Total RNA was extracted using PicoPureTM RNA isolation kit (MDS Analytical Technologies GmbH, Ismaning, Germany) according to manufacturer’s instructions. Mature oocytes from each group were incubated in 100 µl extraction buffer at 42°C for 30 min to release RNA. The lysis of each group was loaded onto a pre-conditioned purification column and centrifuged to allow for the RNA to bind to the spin column. In-column DNA digestion was carried out using RNase-free DNase (Qiagen GmbH, Hilden, Germany). The column was washed twice with washing buffer and finally eluted with 12 µl RNase free water. Nanodrop 1000 Spectrophotometer (Thermo Fisher Scientific) was used to measure RNA concentration and evaluate the quality.

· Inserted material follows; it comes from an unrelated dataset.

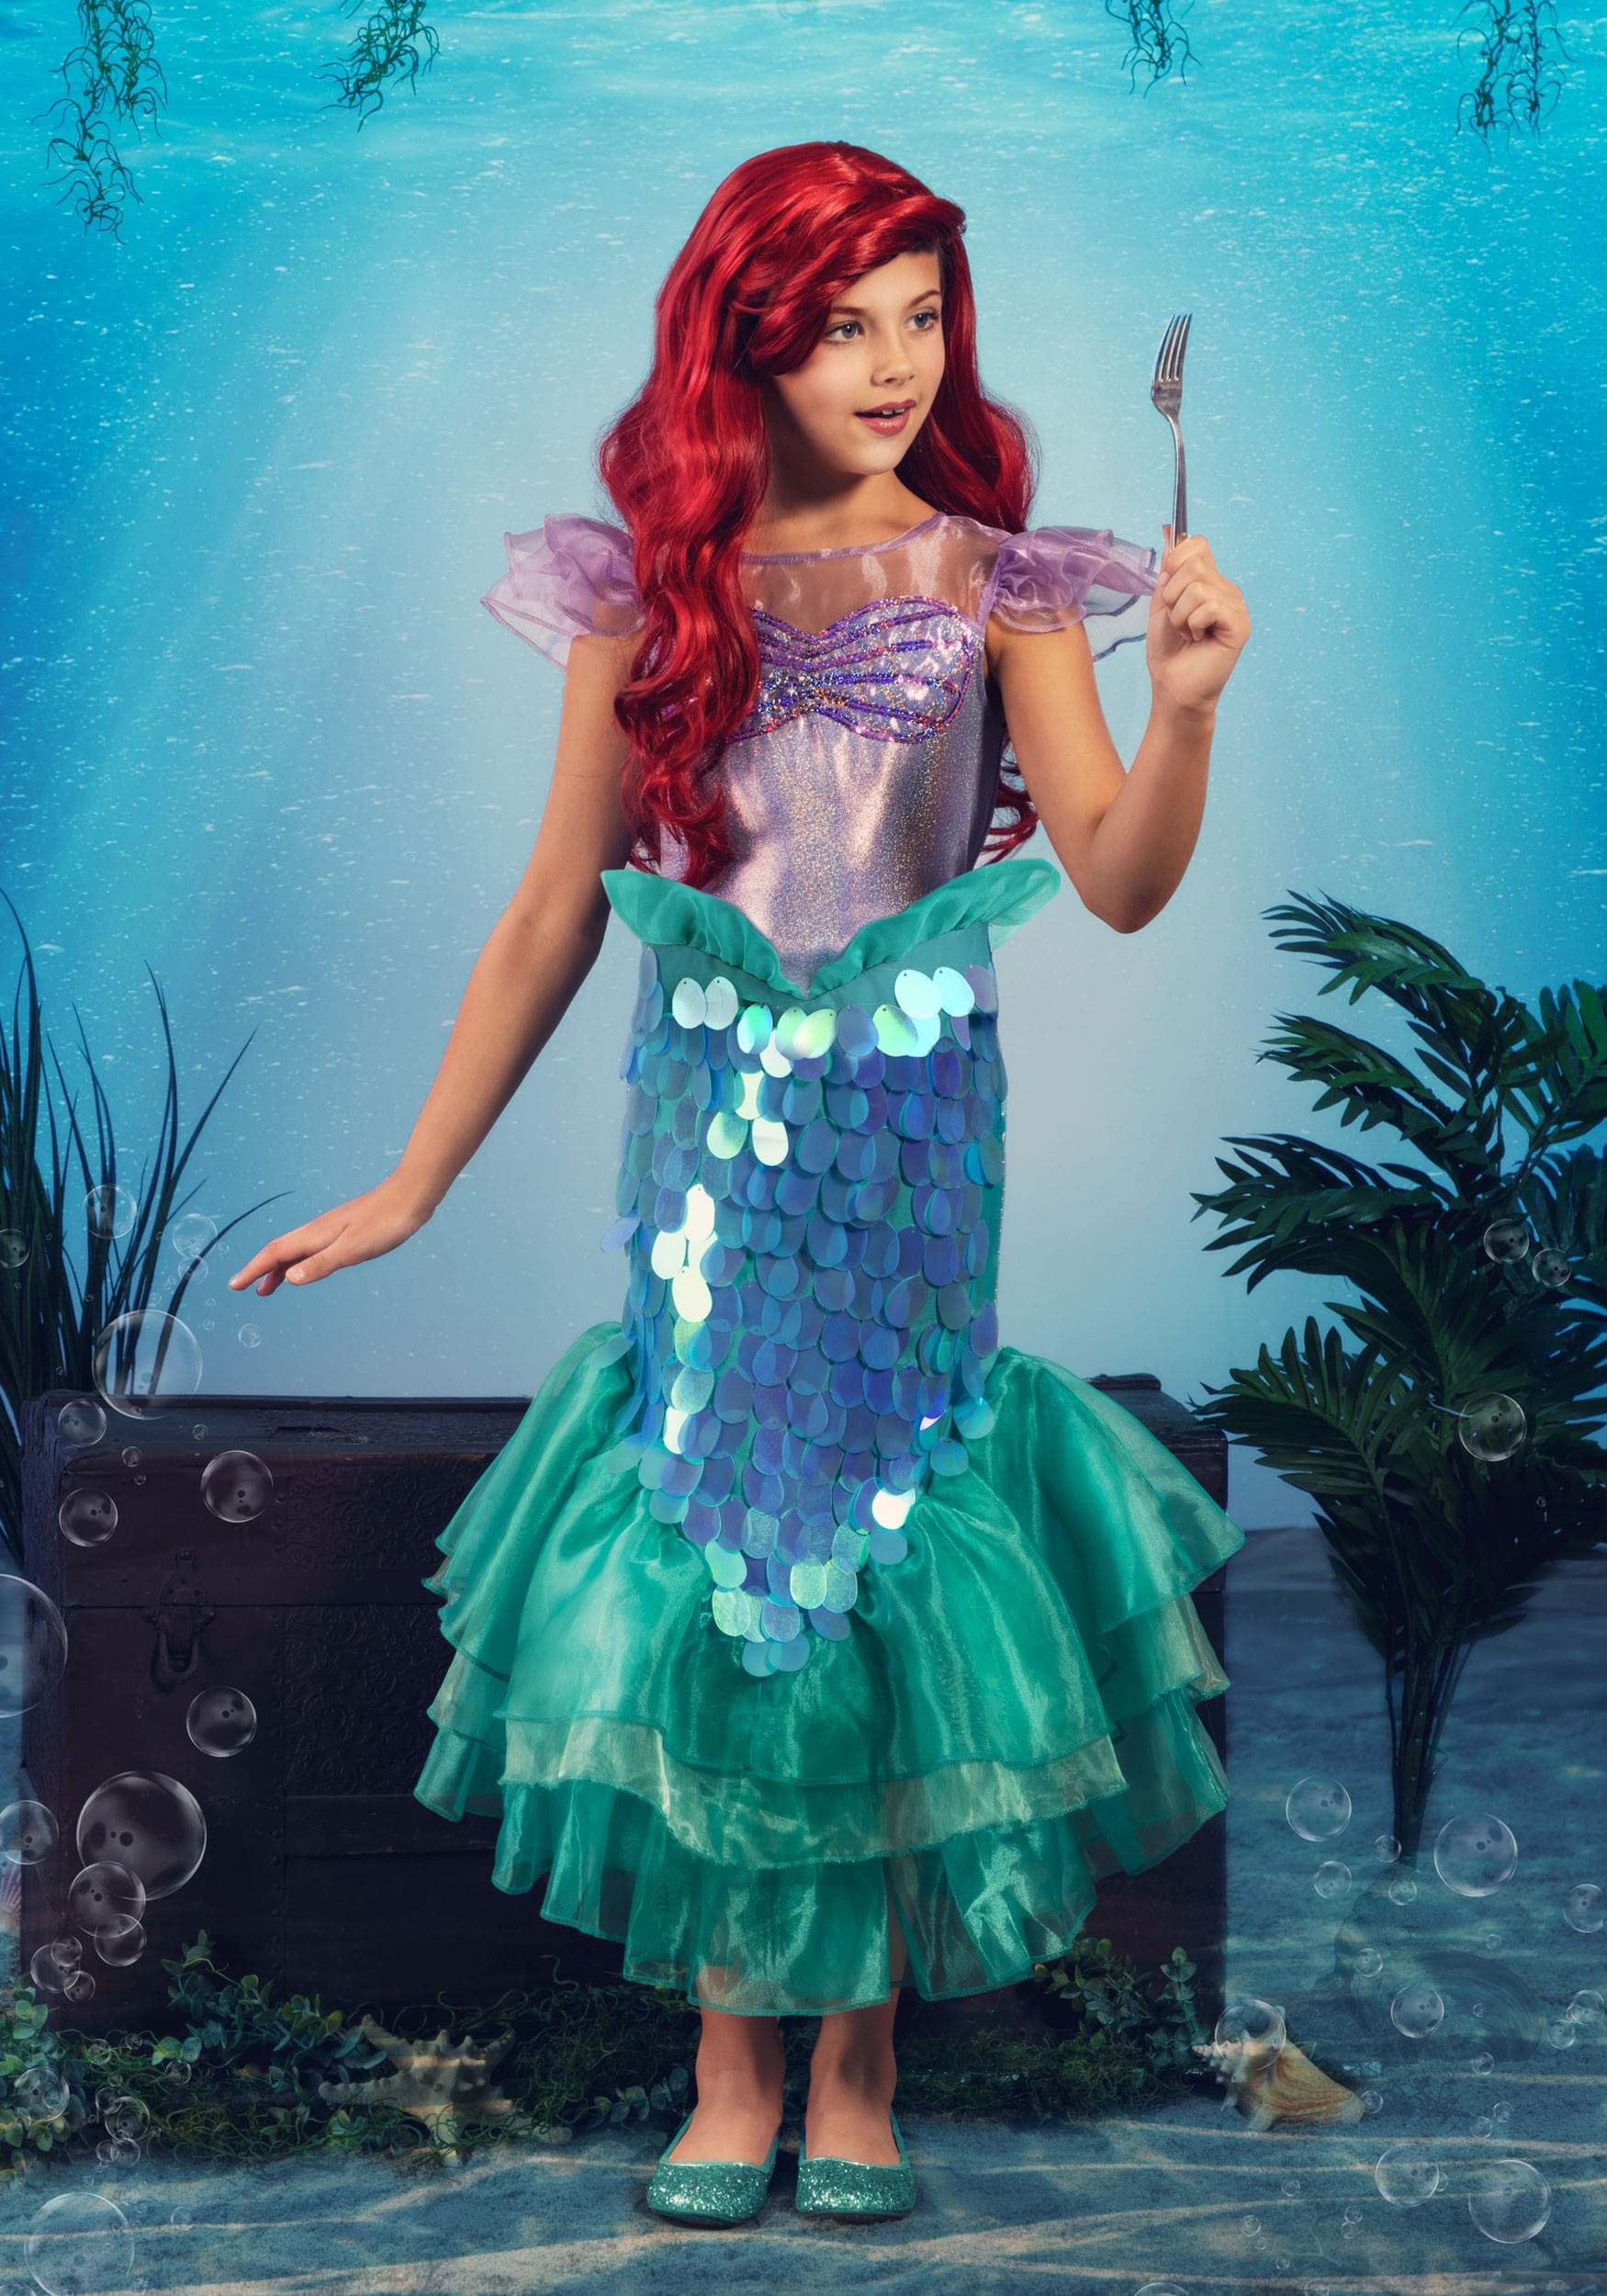 Purse Gloves Teal Dress Disney Princess Ariel Little Mermaid Costume Wig

The synthesis of cDNA from all samples was performed using reverse transcription kit (Invitrogen, Karlsruhe, Germany). In addition, 1 μl oligo dT23 (2.5 μM) primer and 1 μl random hexamer primer (60 μm) were added to a 10 μl mRNA sample and the mixture was incubated for 3 min at 70°C and cooled on ice. Eight microliters of the master mix containing 4 μl of 5x first strand buffer, 2 μl of 0.1 M DTT, 1 μl of dNTP (10 pmol/μl), and 0.3 μl of RNase inhibitor and 0.7 μl of SuperScript IITM reverse transcriptase (200 unit/μl) was added to the mixture and incubated for 90 min at 42°C, followed by heat inactivation for 15 min at 70°C. The synthesized cDNA was stored at -20°C for further use.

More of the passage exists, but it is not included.